# im Hohlweg die Felsenwände



## osa_menor

Hallo an alle,

ich benötige Hilfe bei der Übersetzung der folgenden Textzeile aus einem Gedicht (Max Dauthendey 1867 – 1918): 

"Nach meiner Sprache Klang und an meinem Gang kennen mich die Gelände und im Hohlweg die Felsenwände."

Mein Versuch:
Según el tono de mi lenguaje y mi modo de andar me conocen los campos y ??

Das Bild, das ich zu den Worten "im Hohlweg die Felsenwände" im Kopf habe, ist in etwa dieses:


Aber ich finde keine passende Bezeichnung dafür im Spanischen.

Vielen Dank im Voraus.


----------



## Tonerl

Hier ein Vorschlag, den vielleicht ein(e) Muttersprachler(in) verifizieren  sollte:

_*a mi modo de andar me conocen los terrenos y en la cañada las paredes de roca*_
an meinem Gang kennen mich die Geländer und im Hohlweg die Felsenwände

LG


----------



## ayuda?

*Re:* "Nach meiner Sprache Klang und an meinem Gang kennen mich - *die Gelände und im Hohlweg die Felsenwände*."
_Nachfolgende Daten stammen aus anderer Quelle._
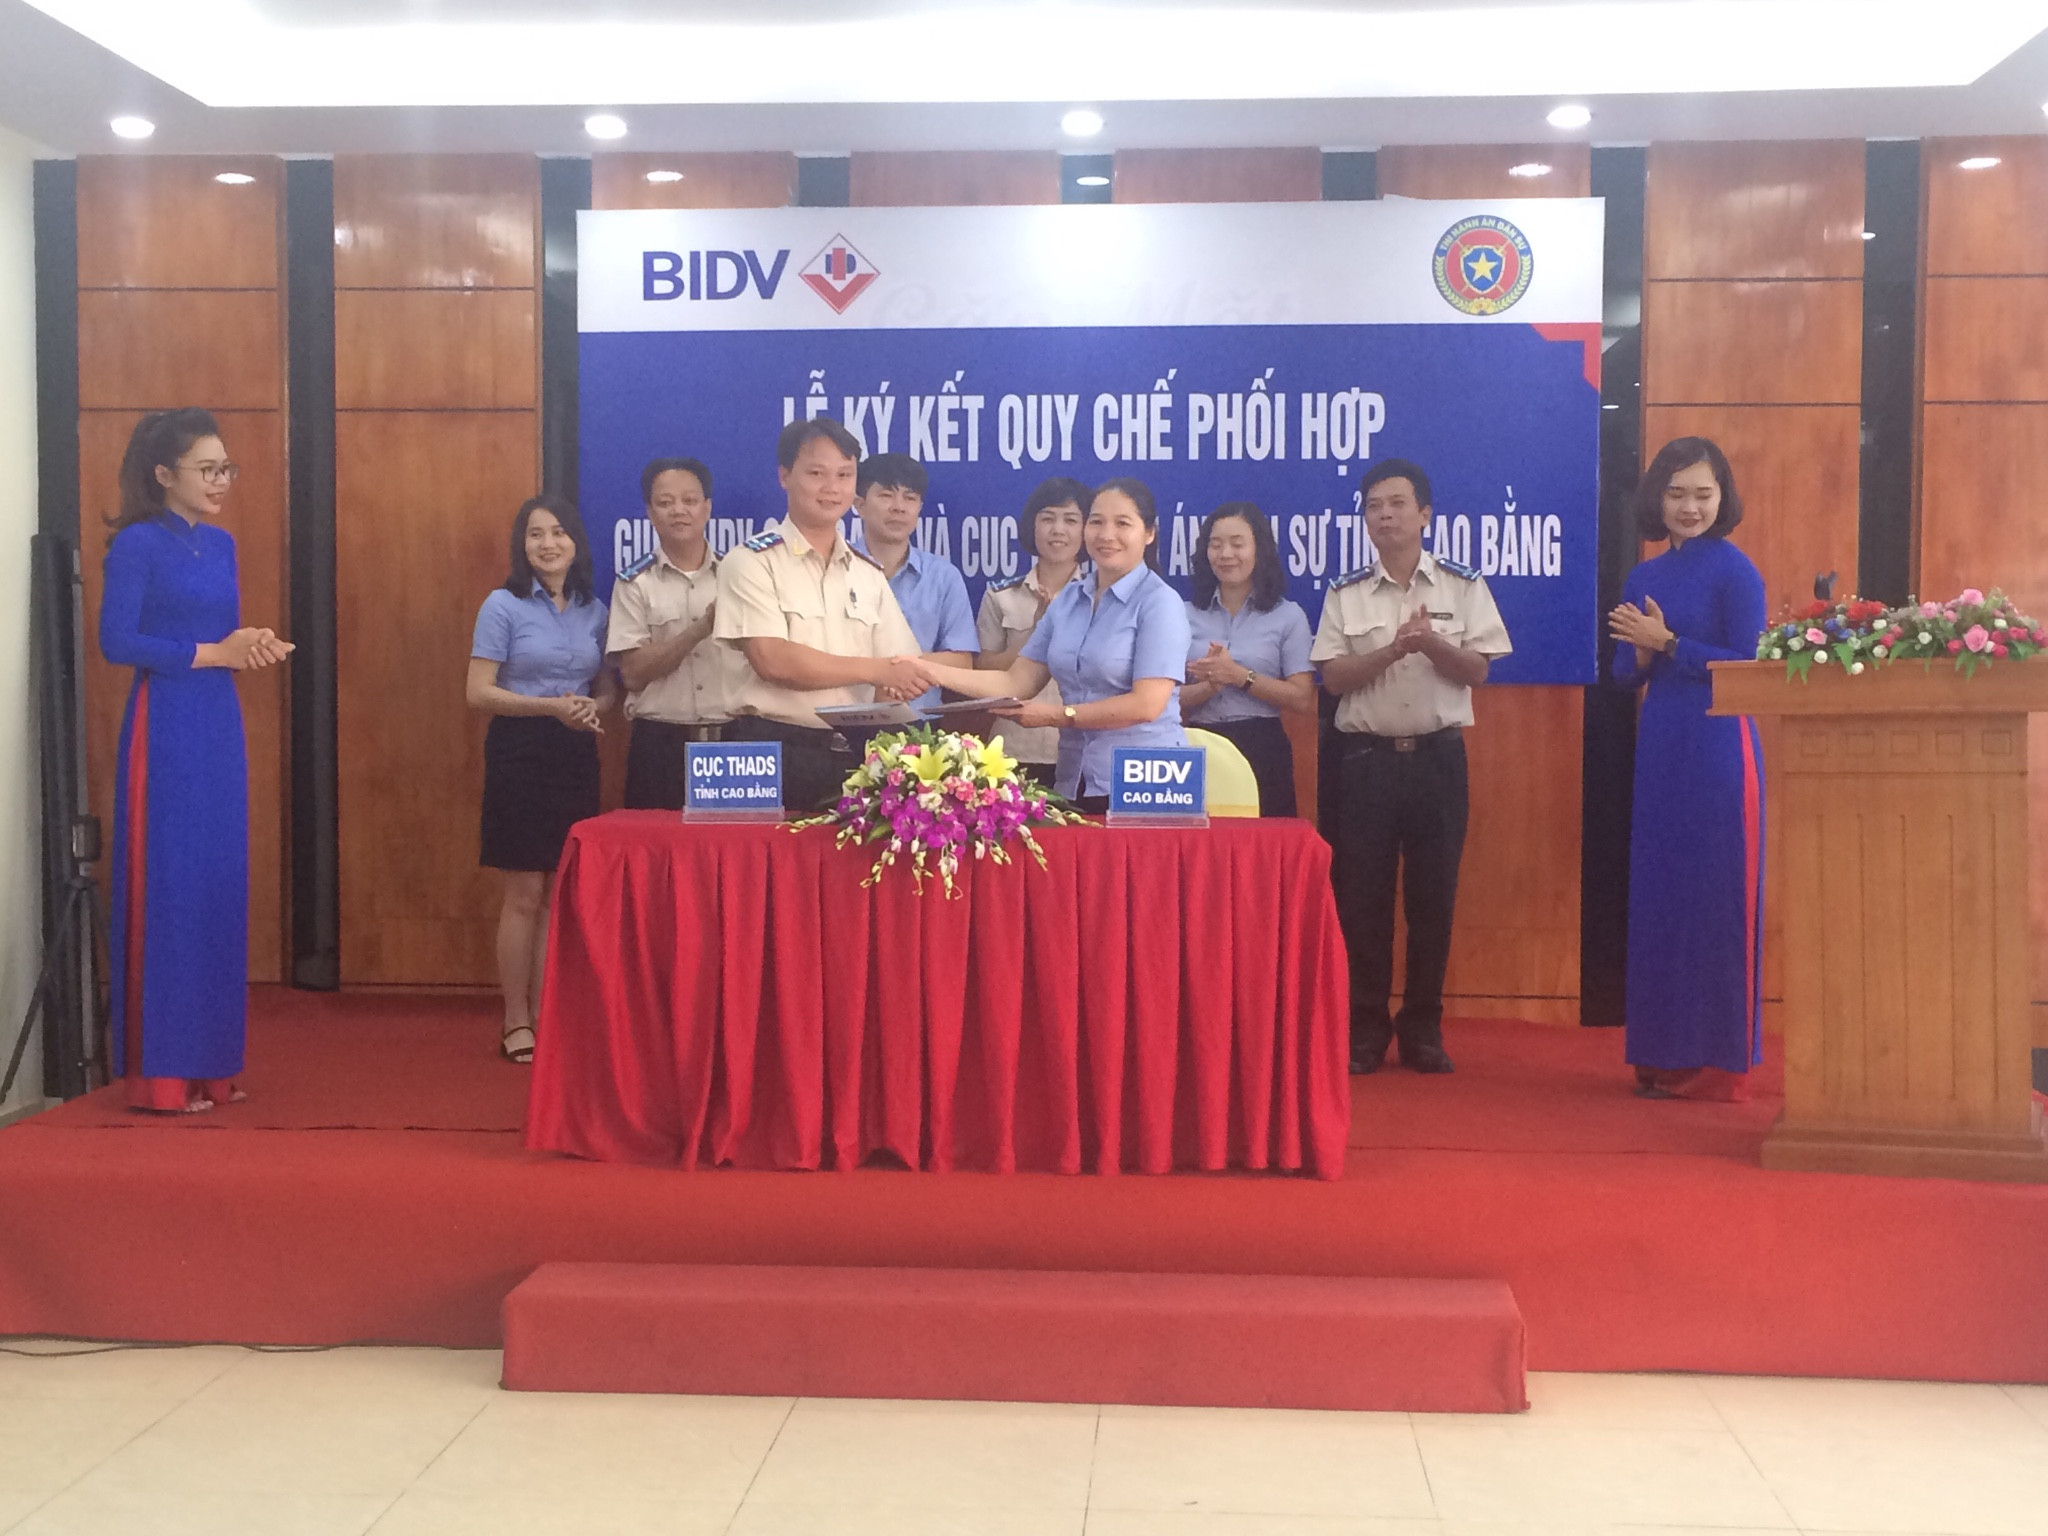 Cục Thi hành án dân sự tỉnh Cao Bằng  và Ngân hàng TMCP Đầu tư và Phát triển Việt Nam - Chi nhánh Cao Bằng  đã tổ chức Lễ ký kết Quy chế phối hợp trong công tác thi hành án dân sự

*No soy nativo pero diríá:*
...el terreno y en el barranco/la quebrada los peñascos

*Felsenwände* = **(_más literalmente —las vertientes rocosas/las paredes rocosas_)


----------



## osa_menor

Vielen Dank Tonerl und ayuda?,

das Wort _peñascos_ scheint mir hier passend, es war mir bei meiner Suche in Leo&Co nicht über den Weg gelaufen. 
Lassen sich die Begriffe _cañada _und _peñascos _kombinieren? _Barranco_ und_ quebrada _erscheinen mir sehr gewaltig.


----------



## Tonerl

„_*die Gelände“ ( Pluraletantum) und im Hohlweg die Felsenwände 
„los terrenos*_“ y en la cañada los acantilados/despeñaderos

_*Schlucht
Abgrund*_
barranco

_*großer Felsen 
Felsblock *_
peñasco_* 

der Hohlweg *_
la cañada

_*Felswand *_
pared de una roca (literalmente)
el acantilado
el despeñadero_* 

LG*_


----------



## anahiseri

Ein anderer Punkt:
auf jeden Fall *por
"Por *el tono de mi voz / mi modo de andar.. . . . .* "*


----------



## osa_menor

Danke für das "por", AnahiSeri, damit klingt der Satz wirklich besser. Präposizionen in einer fremden Sprache sind immer ein wenig Glückssache .
Ich habe noch ein anderes Bild gefunden, das den gesuchten Begriff gut verdeutlicht. Gibt es ähnliche Landschaften in Spanien?


----------



## anahiseri

ich kenn mich da nicht so gut aus, kenne aber Bergsteigerinnen, bei denen ich mich erkundigen kann


----------



## anahiseri

Eine von ihnen meint:
La cañada es un paso de ganado. Yo diria que es un* camino entre paredes de roca. *


----------



## osa_menor

Vielen Dank an alle für die Hilfe und die Mühe, die Ihr Euch gemacht habt. 
Ich hatte Gelegenheit, alle Vorschläge für die Übersetzung mit einer Argentinierin zu besprechen und wir haben uns auf folgende Version geeinigt: 

_*Por el tono de mi voz y mi modo de andar me conocen los campos y en la cañada las paredes de roca*_.


----------